Didn't really get her as soft and relaxed as I wanted her to be, did some preflight steps which she passed, okay, and went to climb aboard. Halfway up, she's in motion. I have her head bent, so at least I knew what direction she'd be going in. Wasn't all that fast, but a stiff, hurried walk in a tight circle. I figured, I'd wait til she stopped, and continue mounting. She didn't stop. I kept thinking . . . three days, it rarely takes more than three days. I really wanted it to be her decision. Ribs started to hurt from leaning over the saddle, and I said, well, not this time, and helped her get stopped. Stepped down, did some more work. Now, at ANY time, I could have grabbed her up, swung up while she walks off and got on with the riding. It's how she's been mounted, I am guessing every time anyone has ever ridden her, including me. I wasn't going to do it. Did more hip yields, got her softer, more flexion, I look up, a little less worry and her head is not touching the sky now . . . Halfway up, more circles. This time, she does stop, and I get down. Next time, I am in the saddle before she steps off and I gather her up and we stand and breathe.
Tight, hard breaths, puffing harshly into the afternoon chill, tell me the worry isn't completely gone, or even really started to be. We are walking, with energy, or at least that's what I am trying for, and 'Shine is staying under me, but not always between my hands and legs. She's a lot of work to ride, heavy on the bit, and I know she knows what feel is but she doesn't know that I do, and isn't very willing to try and give me a chance to show her. I keep opening up opportunities to turn her, catching her big ole foot in the air and directing it before it comes down, releasing with all my might, any time she accidentally gives and softens. All of a sudden, I notice, even if she's still kinda concerned, my fear is gone, again. Wish it would stay away, but it never does. I am busy working with her, trusting that she isn't going to buck (never has) or bolt (in the round pen, where can she go?) and I offer her a loose rein, bring the life up in my body (hard to do when you are tired and unenthused, which for whatever reason I am, today) and she trots off. I didn't get a whole lot of posting worked out, I can sit her trot easily, am horribly out of shape and found myself taking the comfortable way out.

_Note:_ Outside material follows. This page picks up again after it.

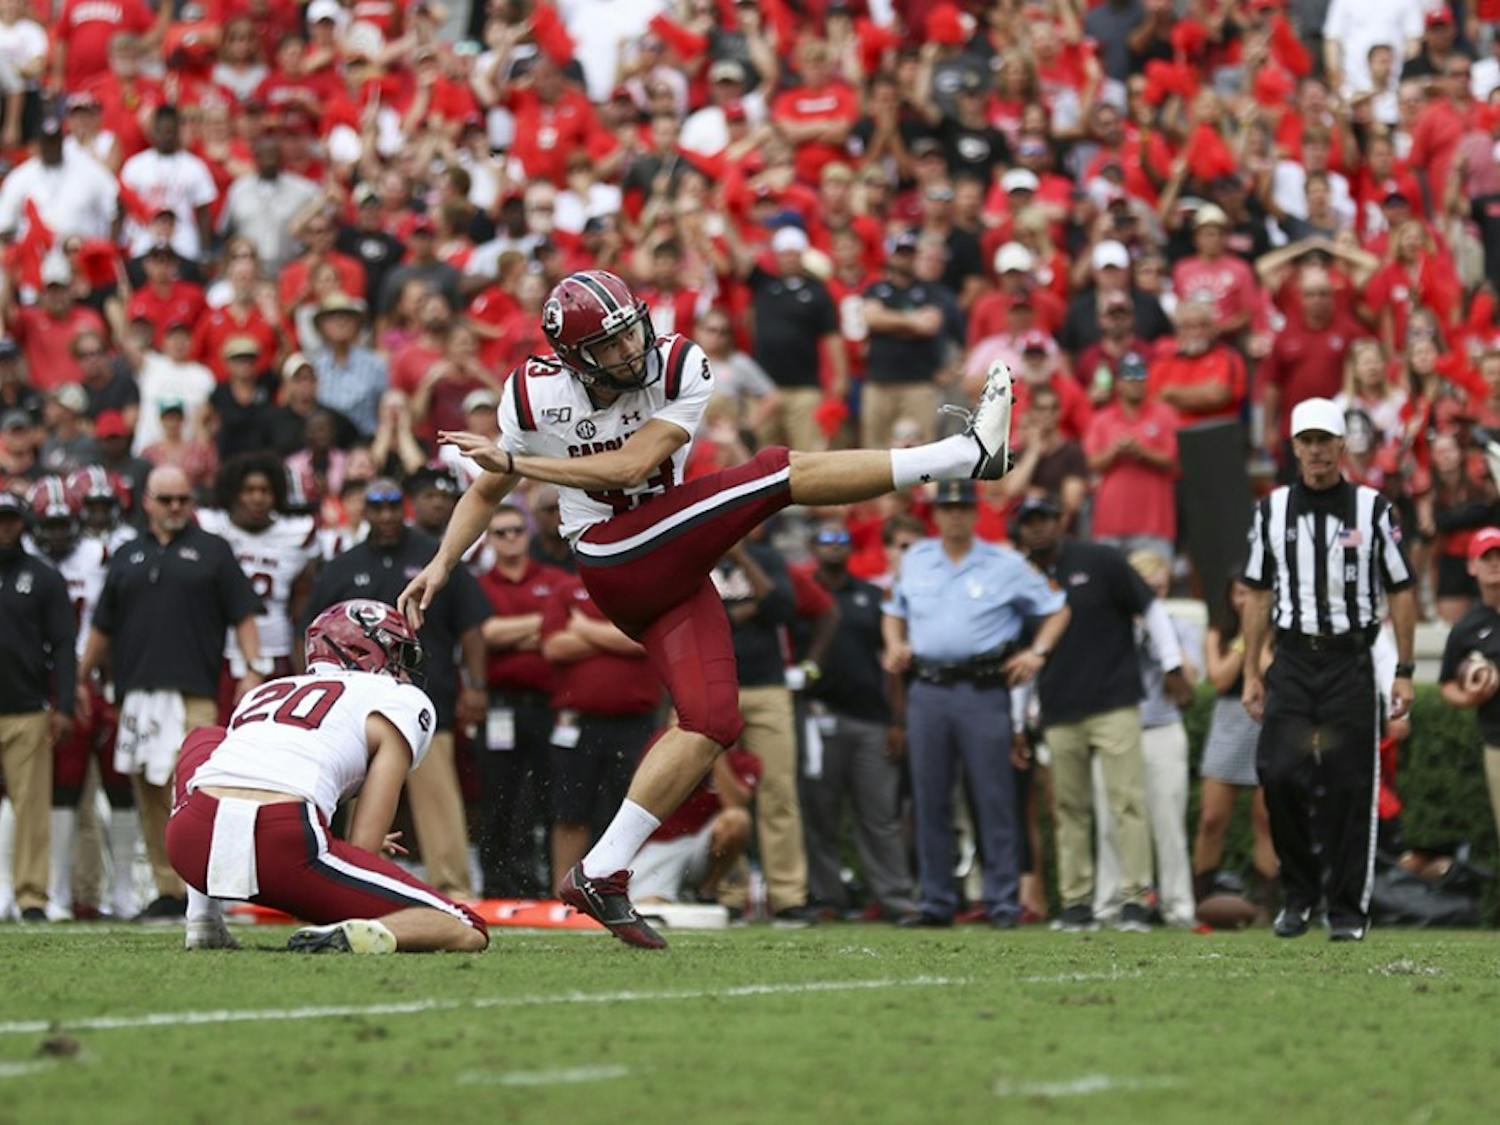 Junior place-kicker Parker White kicks a field goal in the game against UGA.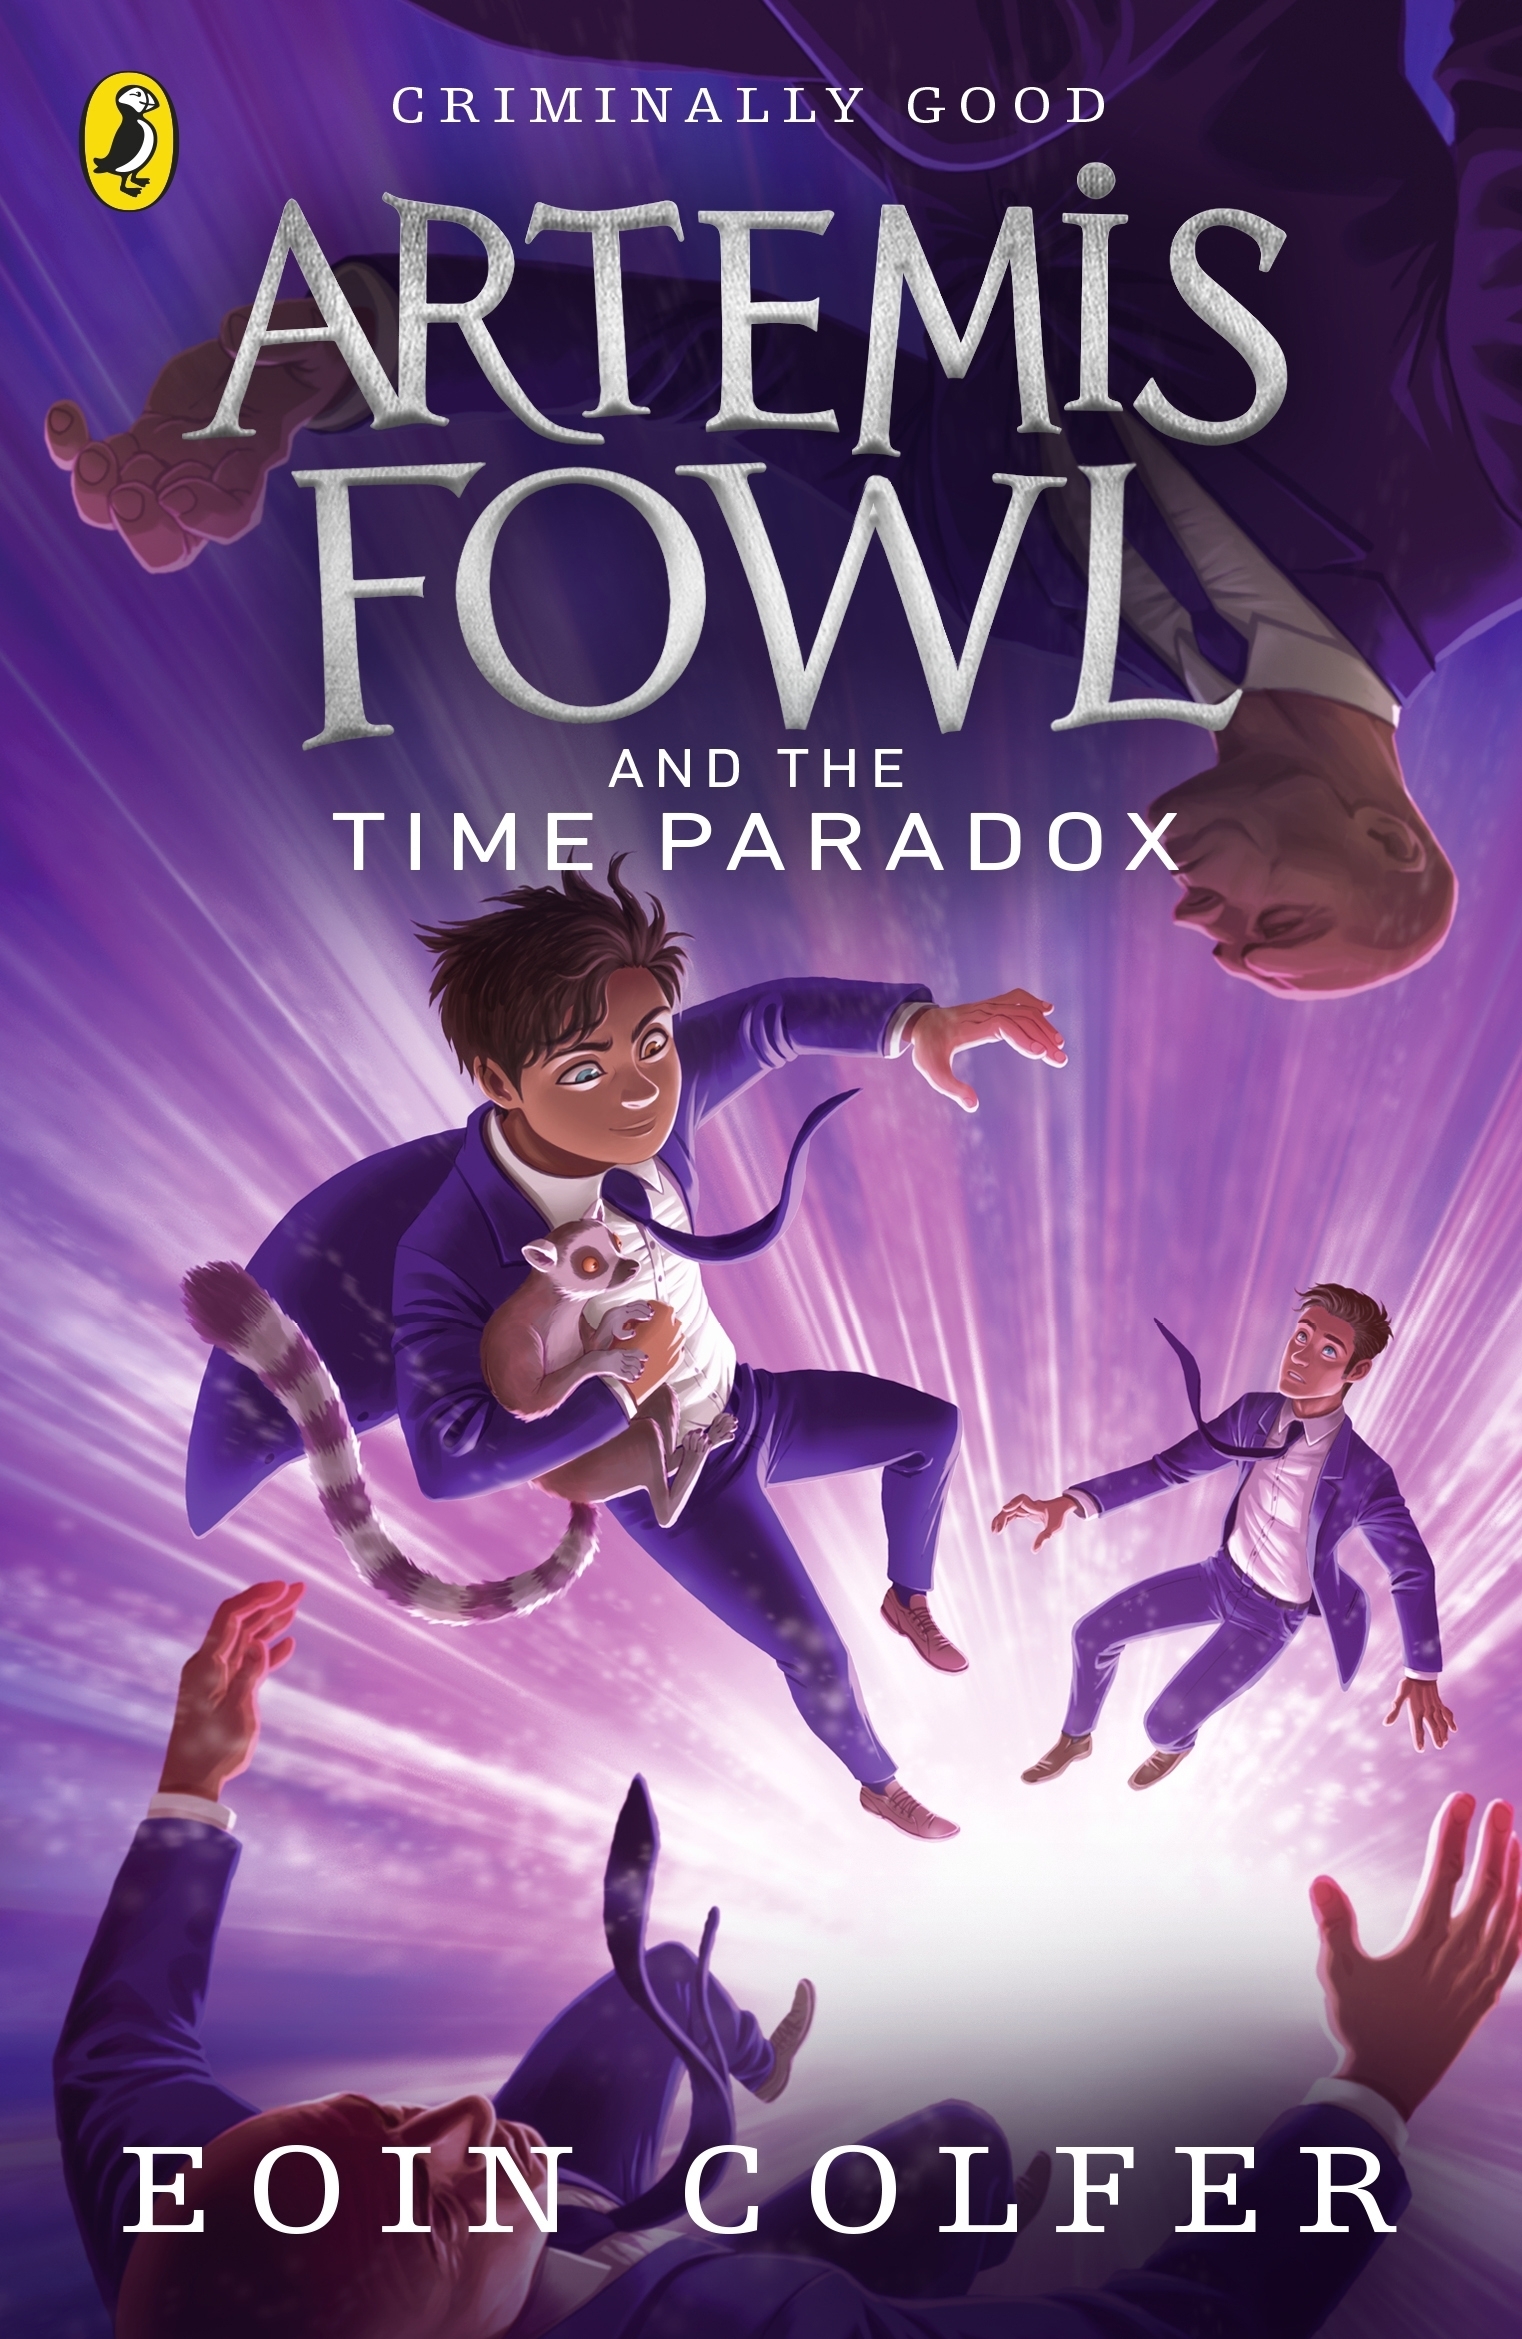 Eoin Colfer Artemis Fowl: the Graphic Novel by Eoin Colfer

I did get some pretty decent 1/4 and 1/2 turns on the haunches and forehand. She never became super soft, but I found out that if I adjusted my ask to a really soft request, I had a much greater chance than if I fixed it up with a harder hold. Then she really braces, and why shouldn't she . . . seems a no brainer now, but it took me some bearing the weight of that head and neck in my arms to figure it out!
Okay, here's the cool part. Lining her up at the saddle rack to pull my gear, she went right where I asked and stayed where I put her, but with life and interest in those big dark eyes. She wasn't a shut down statue. I grabbed a soft brush, and went over that velvety black coat, her head level to me and tuned in to what I was doing. Pulling her halter outside, she stayed with me for some pets before I turned, left her there, and went back in the barn.
I sure hope not all the doubts that got traded today for trust, were mine.